Hi Dolly, I'm sorry to hear that you are going through a breakup right now. Breakups are undoubtedly shitty. Early poly breakups can DOUBLE suck because there can be so many emotions flying and factors flying around.
Your need = to heal and be left to process. Primary's need = to understand (talk) and feel secure. Each of you is focusing on your own need first, but neither of you are able to tend to them under your current approaches. With time, communication, experience and practice, you honestly could work this out.
Try to find empathy for one another? You're both new to this.
You're learning:
- To balance other relationships effectively with your primary relationship
- To add (not detract) from your primary's sense of security
- To find ways to support yourself when your partner isn't capable of helping
- To deal with the new phenomenon of a break-up when you still have a partner. There's no blueprint for this in monogamy. This is fresh ground, and it's confusing.
Your partner is learning:
- To find security and trust in your relationship while poly
- To put her feelings aside in the moment of crisis
- To support herself when you are not in a place to give support
- To offer the *right* kind of support to the person in crisis
Looking back on your former secondary relationship, would you say that you:
- Painted 100% accurate and truthful picture of that situation to primary and yourself?

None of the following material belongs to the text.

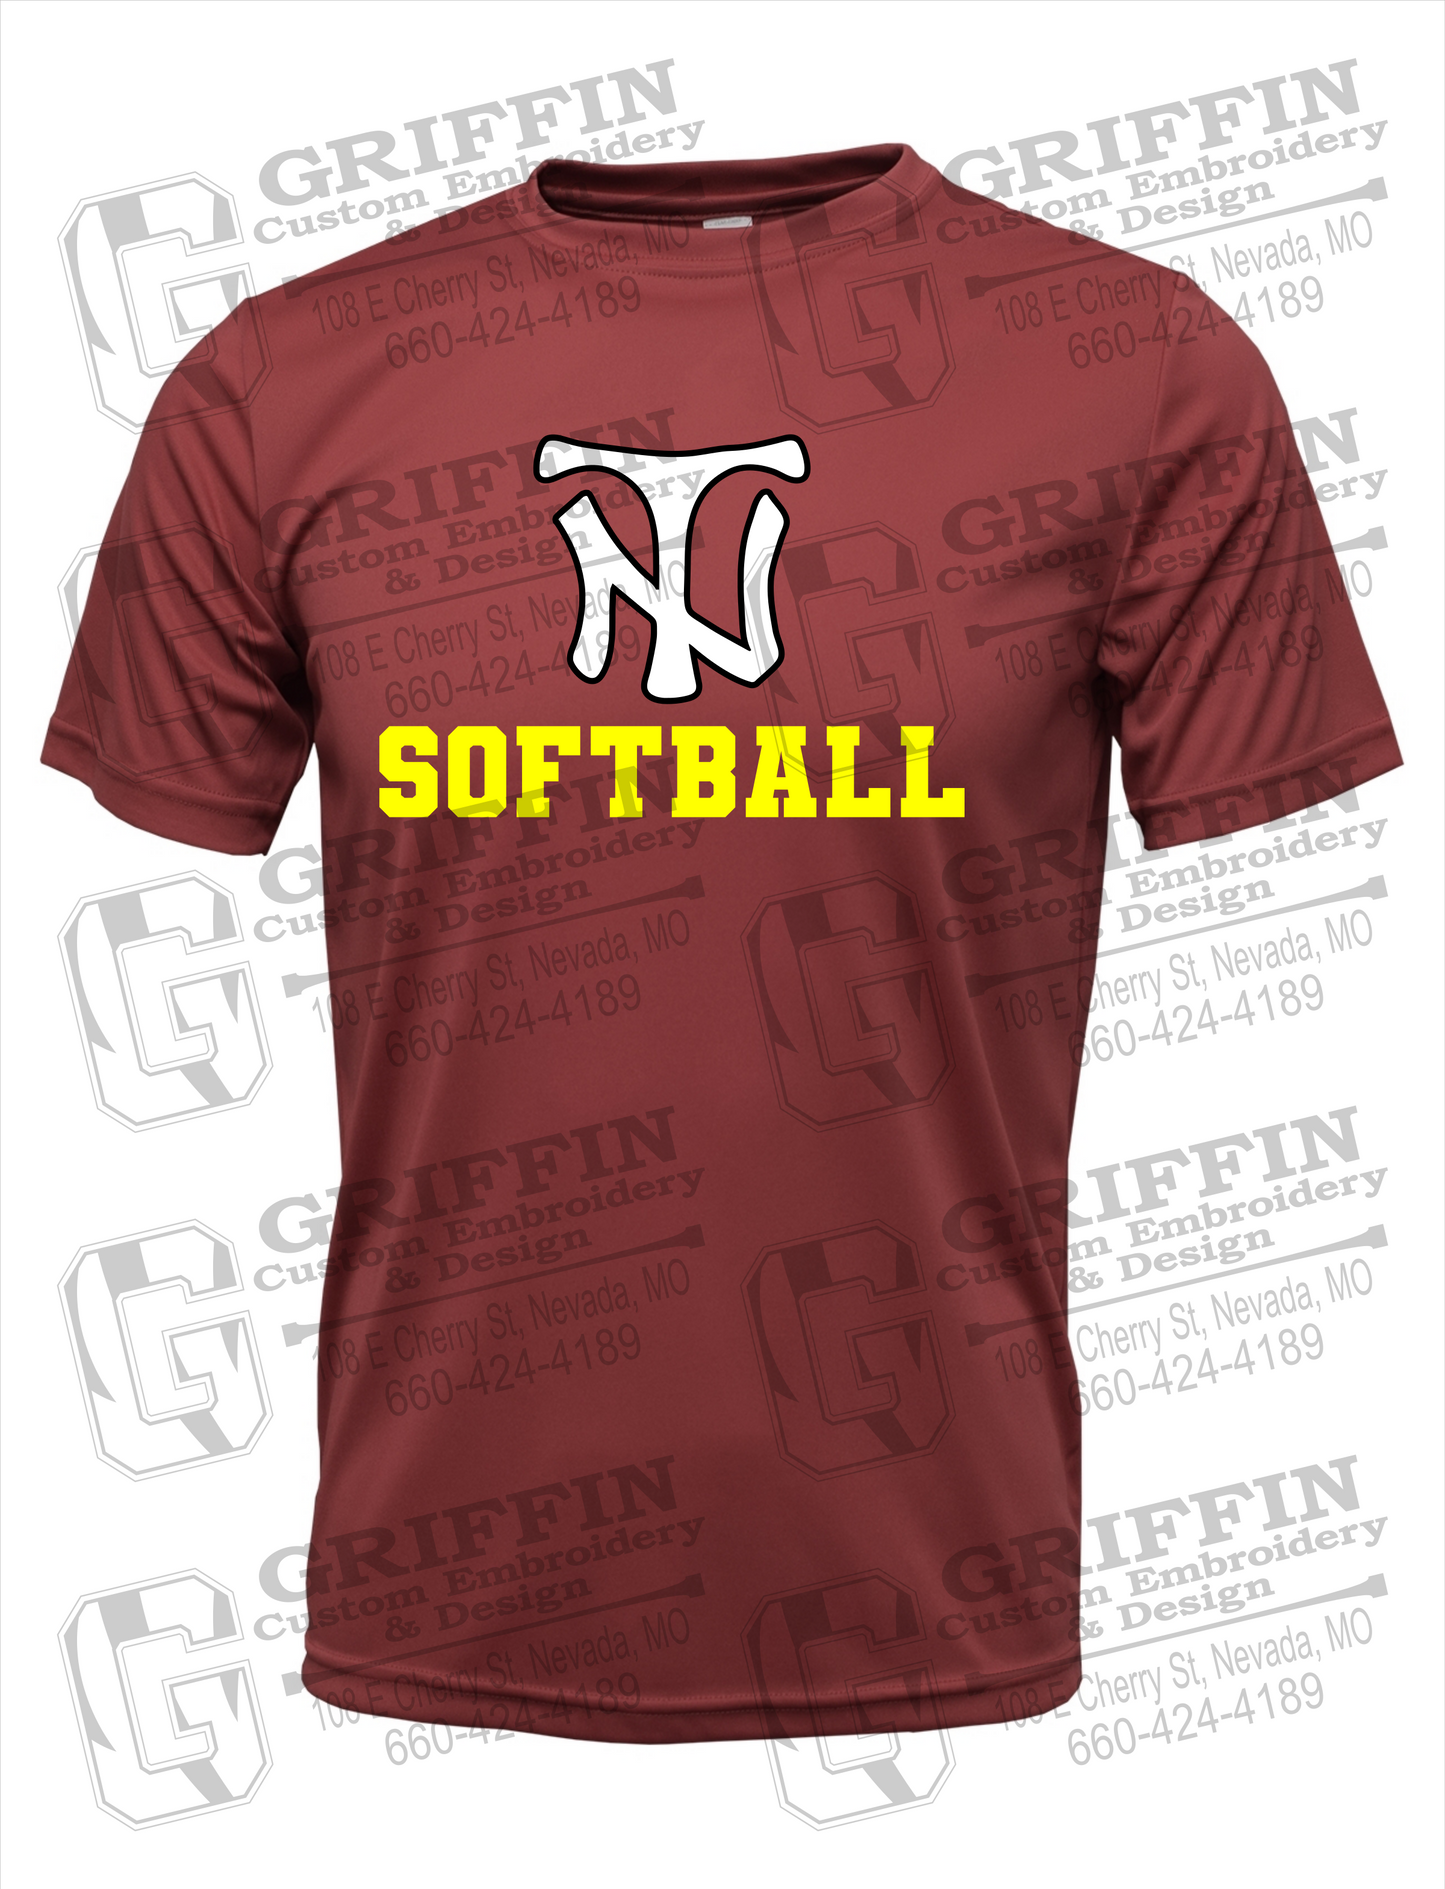 Nevada Tigers 24-C Dry-Fit T-Shirt - Softball
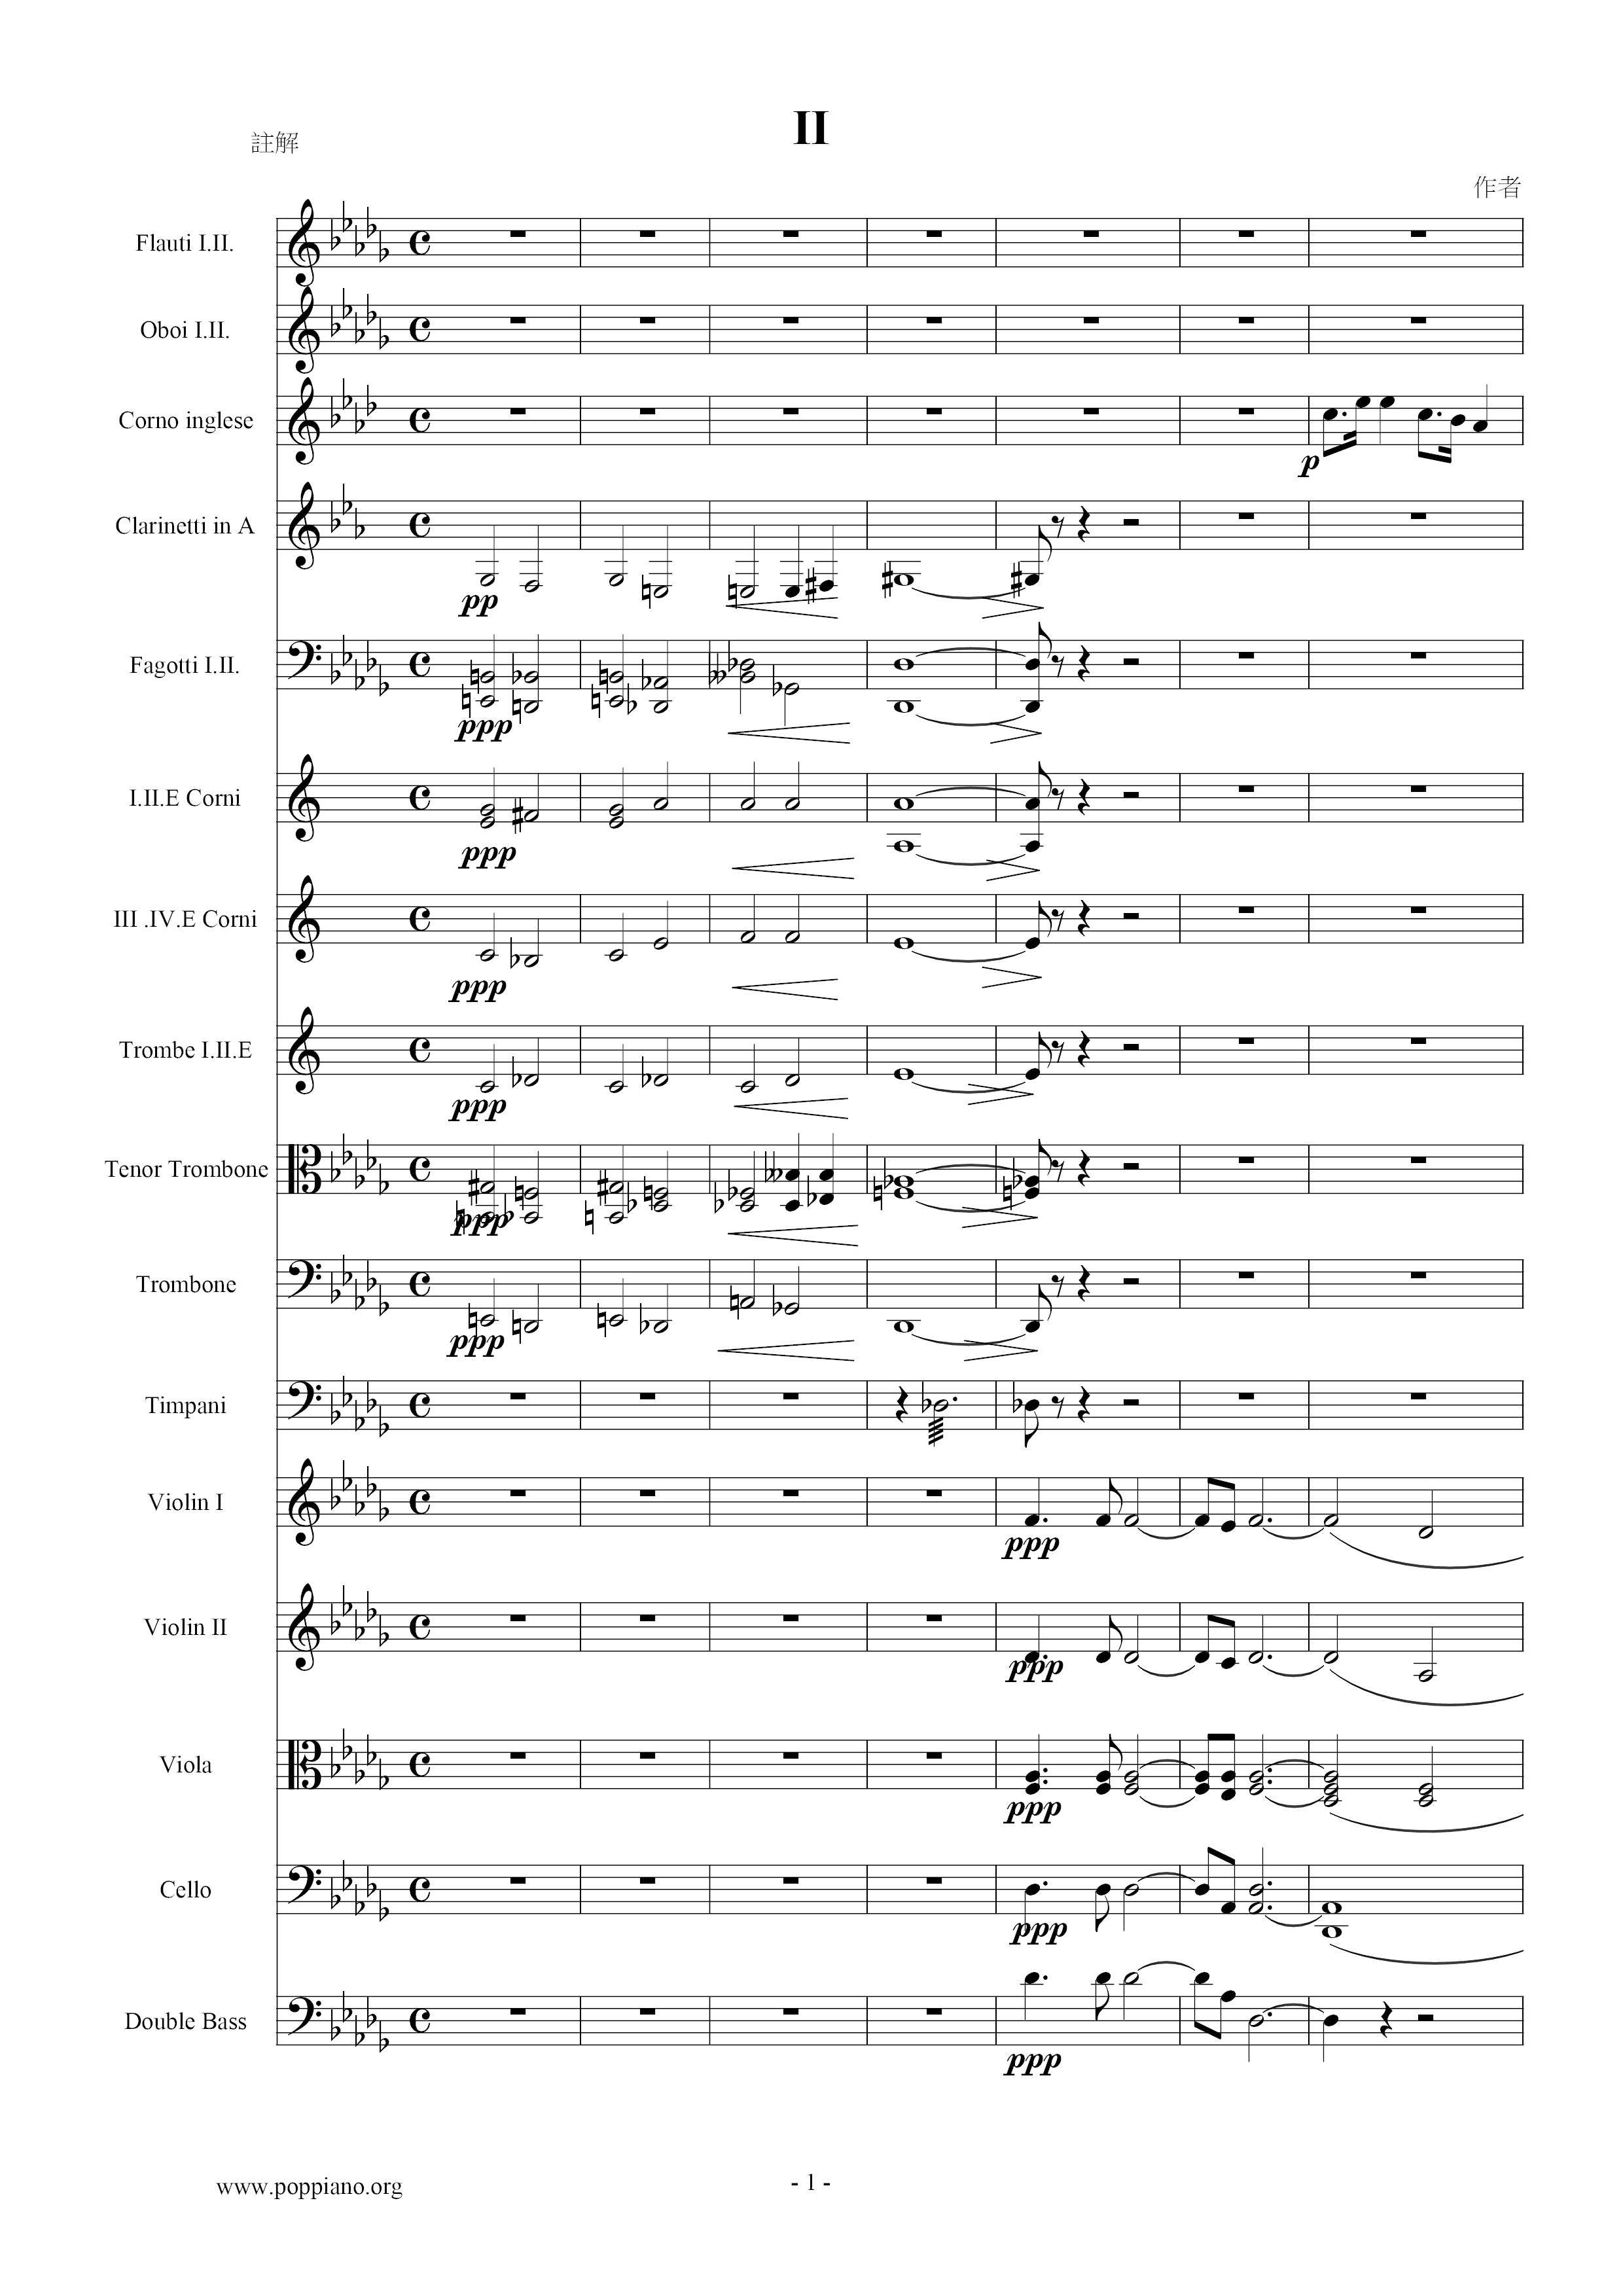 Symphony No.9 From The New World 2nd Mvt Score

- Handled NRE well? Didn't neglect primary?
- Addressed primary relationship health before adding the new person? You and primary still had dates, sex life good, secure feelings? Didn't ignore issues?
In terms of your need for space when upsets happen:
- Do you lovingly request this straight away, or withdraw without word until you're pushed to verbally ask for space?
- How long do you need space for? Do you ask for indefinite periods and wander off, or do you give concrete check-in times?
- Do you perpetuate the cycle by engaging with your partner after asking for time alone, or do you make yourself unavailable (turn phone off, leave the house, etc.)?
- If you need days and days of quiet time, do you still make time to check in on your partner's world? Ask her about her day?
If you're holding up your end of the bargain, it's your primary's turn to do her share.
Actions
Could read Nonviolent Communication. Your primary could read about healthier habits - four hours of spiraling conversation does not constitute healthy communication. Talking IS important, but there's more to intimacy than that.
Could try to meet in the middle? You're on fire, and your primary IS trying to reach you, but she's caught up in flames too. Everyone's panicking, and the fire is being made worse instead of being put out. In other words, if you NEED space and are not getting it, separate yourself from the situation for the sake of your mental health. Go for a walk, get thee to a spa, meet a friend... do whatever it is you need to do. Tell your primary
when you'll be back, and go off and be alone. Turn your phone off.
But also? Address primary's fire. Tell her that your relationship is important to you, and that you realise you guys need to talk. Set a time to talk, and take time out until then. Your primary does need to learn not to add stress to the pile, but you can also learn to help via the points above.
As a final note, to address your questions:
When there is a breakup in a secondary relationship, how are things handled in the primary relationship?
In our relationship, we
expect some spillover and we acknowledge it. We try to put aside our own gripes to support whoever is in crisis first. We try not to add extra issues to the mix, especially during the first few days of a break up. Sometimes we screw it up, and we work on forgiving each other for that. It wasn't always like this - breakups were a shitstorm of drama for us 4 years ago. It takes time.
What do you do to make your partner feel better after they have been hurt by someone else?
Be there to give the kind of support they need - talking, hugs, distraction, space, whatever. Be patient. Focus on their needs first, process our own concerns either independently or with friends - not with the person going through the breakup.
Also, on the flip side of that, how do you keep the breakup blues from affecting your primary relationship?
Being reassuring if needing space. Being understanding if partner is feeling neglected while we mope. Still engaging with partner - going on dates, asking about their day, etc. Addressing any tensions and arranging to talk about them once things have settled.